Race for UK PM down to final two; now Rishi Sunak and Liz Truss to fight to replace Boris Johnson

London: Former finance minister Rishi Sunak and foreign secretary Liz Truss will contest to become Britain’s next prime minister after they won the final lawmaker vote, setting up the last stage of the contest to replace Boris Johnson.

Sunak has been ahead in every round of voting among Conservative legislators, but among the 200,000 members of the ruling party, who will finally decide the winner, Truss appears to be gaining the upper hand.

Sunak, a former Goldman Sachs banker who increased taxes to their highest level since the 1950s, will square off against Truss, a convert to Brexit who has promised to reduce taxes and regulations, in the final round of a weeks-long campaign.

Whoever win when the results are announced on September 5 will inherit some of the most challenging circumstances in Britain in decades.
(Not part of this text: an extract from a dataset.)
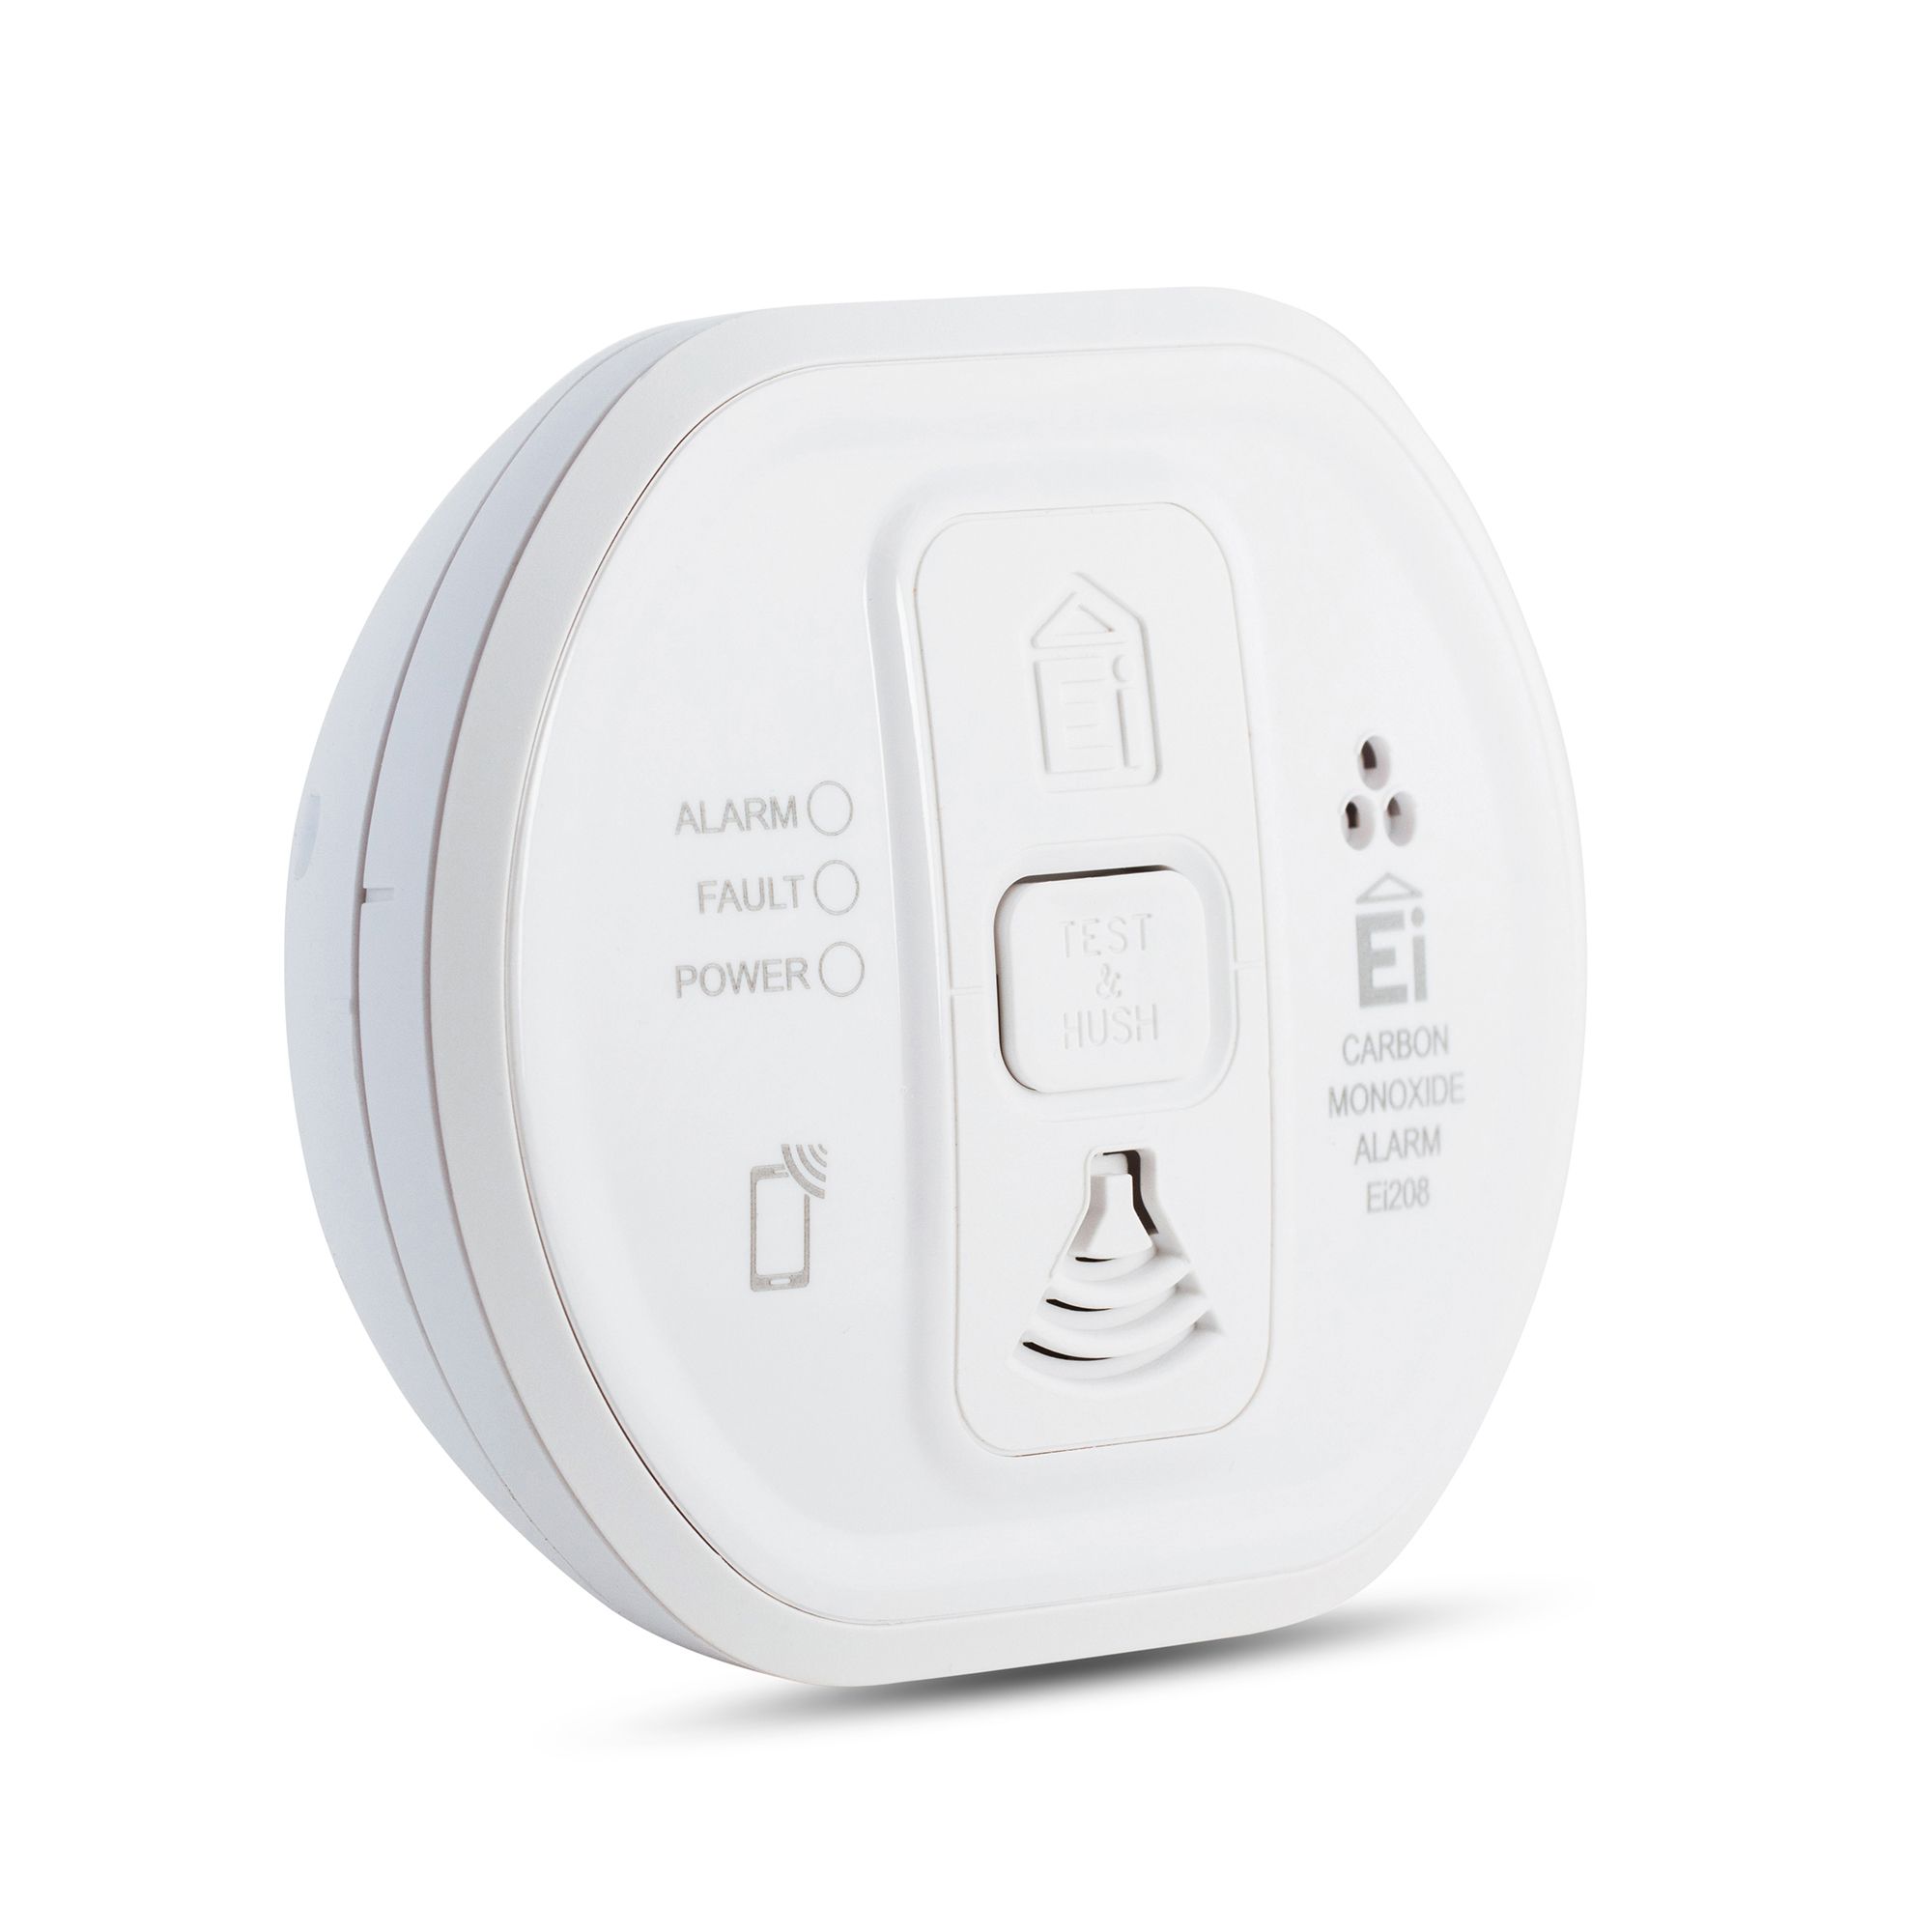 Ei3014 Heat Alarm • EI Electronics

The pound is trading around historic lows versus the dollar, industrial action is on the rise, and inflation is on track to reach 11 percent annually.

In its post-Brexit negotiations regarding Northern Ireland, Britain under Johnson and aided by Truss also adopted a tough stance on Brussels, drawing legal action from the EU and jeopardising future economic ties.
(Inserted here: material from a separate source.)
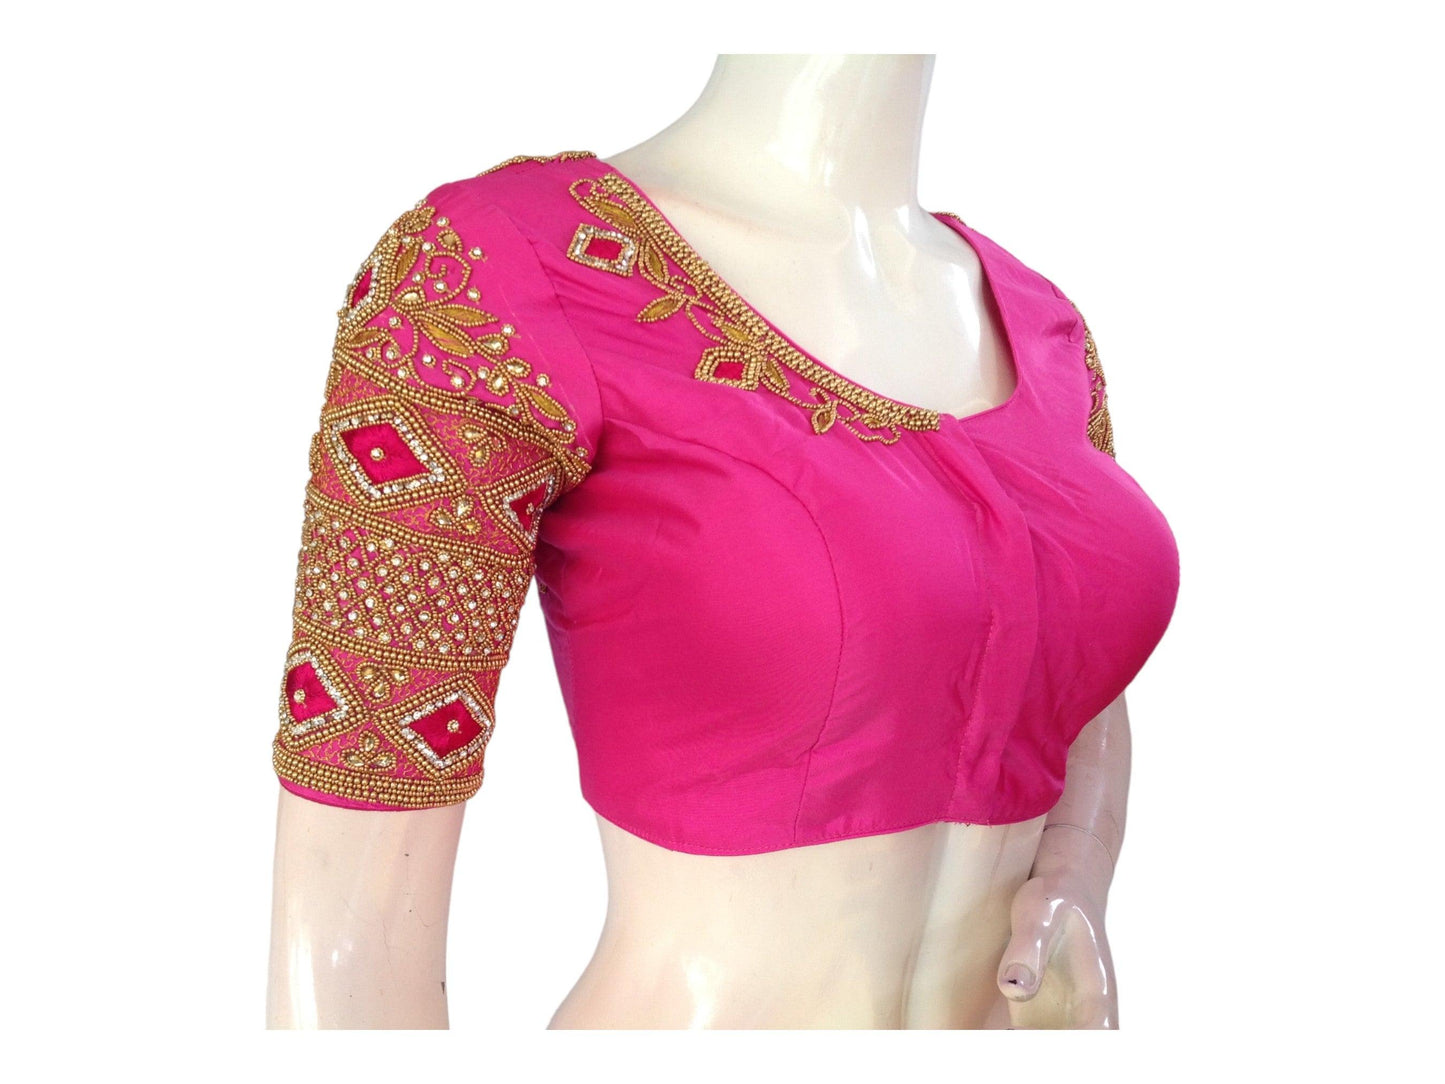 Exquisite Pink Bridal Handwork Saree Blouse, Indian Ethnic Wedding Choli Top

There were originally eleven candidates, but on Wednesday, junior trade minister Penny Mordaunt was voted off in the fifth and final round of voting by Conservative legislators. Truss received 113 votes, Mordaunt received 105, and Sunak received 137.

According to polls, Truss would defeat Sunak in a contest among party members, increasing the likelihood that the party would nominate a leader who was not the Westminster legislators’ top pick.

Truss thanked her supporters. “I’m ready to hit the ground from day one,” she said on Twitter.

Sunak said on Twitter: “Grateful that my colleagues have put their trust in me today. I will work night and day to deliver our message around the country.”

Mordaunt, who finished second to Truss by just eight votes, urged party unity in the wake of the often divisive leadership race.

“Politics isn’t easy. It can be a divisive and difficult place,” she said in a statement. “We must all now work together to unify our party and focus on the job that needs to be done.”